If you’re an average enthusiast – you know, Joe or Jill Gamer – you’re probably stuck in the dull, backward world of 1080p and non-immersive gaming like a muggle. To be on the cutting edge you need a cutting edge PC, and that’ll set you back about $1600. Want to know that you can handle the most graphically demanding VR games thrown at you, or play games in 4K resolution while maintaining 30 fps and above? You’ll likely be directed to one of two Nvidia cards when building your PC: the GeForce GTX 980 Ti, which will set you back about $650, or the GeForce GTX Titan X, which will cost you a jaw-dropping $1000.

It doesn’t have to be that way, though, and it won’t be for long. Something just happened that’s going to make everyone happy. It’s going to make the wealthy, power-hungry early adopters happy, and it’s going to make Joe and Jill Gamer, eager as they are to break into the unbelievably expensive world of PC gaming, extremely happy. That something is Pascal. No, not the antiquated programming language. This Pascal is a brand new architecture which has led Nvidia (after billions spent on research and development) to build the two most powerful GPUs on the planet. The crown jewel is the GTX 1080, which will likely be the most powerful GPU for at least a few years to come.

Pascal has changed everything, and this marvelous architecture enabled Nvidia to produce a card that is twice as fast as the Titan X and sells for almost half the cost. In fact, Nvidia’s second, less-powerful card based on the Pascal architecture, the GTX 1070, is said to be almost as powerful (some even say a little more powerful) as the Titan X, and its priced very aggressively at $380. That’s insane. In a few months you’ll be able to buy a card for $380 that’s almost five times as powerful as the card you would have paid that much for a month ago.

Time to Upgrade Your PC Rig!

You know what that means, don’t you?

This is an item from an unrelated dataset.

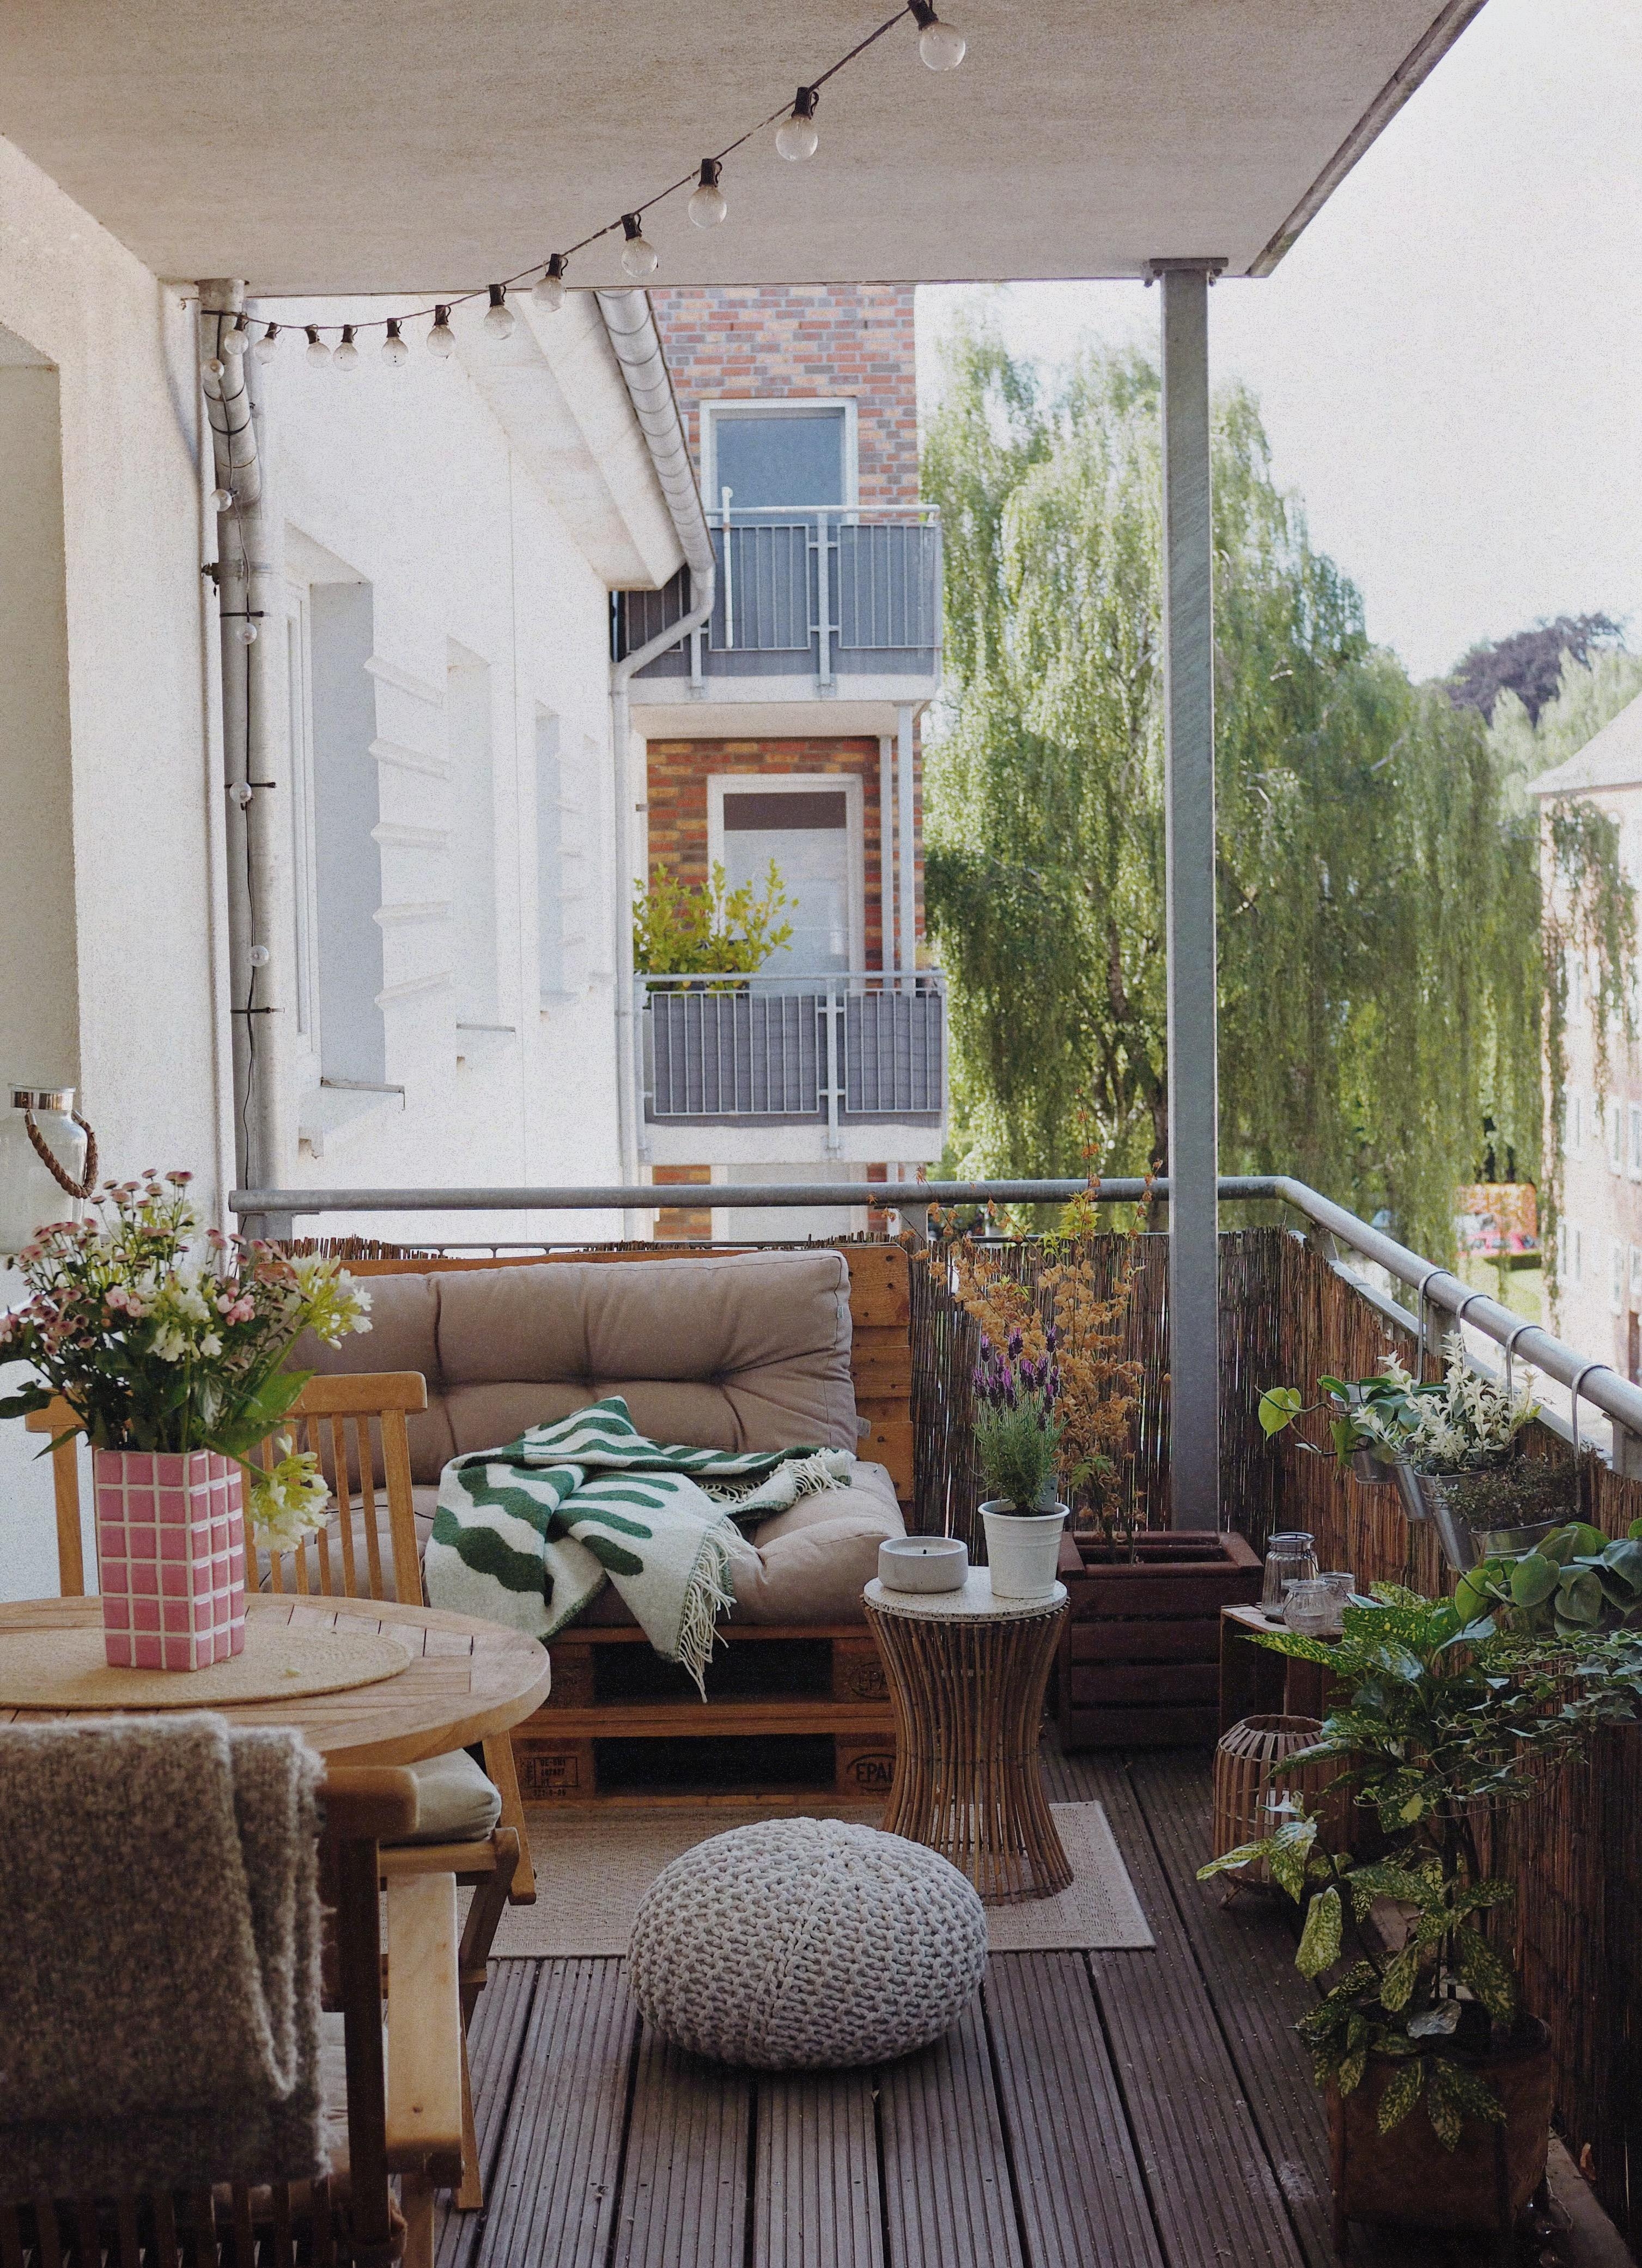 🫶🏽 
#balkon #outdoor #palettenmöbel #balkonideen #balkonpflanzen

The price of Maxwell cards is about to plummet. The minimum recommended GPU for the Oculus Rift and HTC Vive is the GTX 770. Variations of that card can range anywhere from $300-$650, but soon people will be dying to get $150 for them as they trade in for 1070s and 1080s. Heck, I bet six months from now you’ll be able to score a 980Ti for a song. This is a budget PC builder’s dream come true.

And I haven’t even mentioned AMD! AMD is on the cusp of unveiling its own new architecture called “Polaris.” AMD/ATI has always been the more modest (and more modestly priced) alternative to Nvidia, and while its Polaris cards almost certainly won’t be as powerful as what we’re seeing out of Pascal, you can bet they’ll at least be competitive, and cheaper! That also means older AMD cards will fall in price. Come January 2017, the prudent buyer should be able to construct a virtual reality and 4K-capable gaming PC for around $1000.

How many of you are celebrating and augmenting your holiday budgets for a new gaming rig? Everyone expected Pascal to be powerful, but no one expected these cards to be so efficient and so cheap. Do you guys think that this will open the floodgates and bring more console gamers over to the PC realm? I, for one, know what I’m buying for myself this Christmas.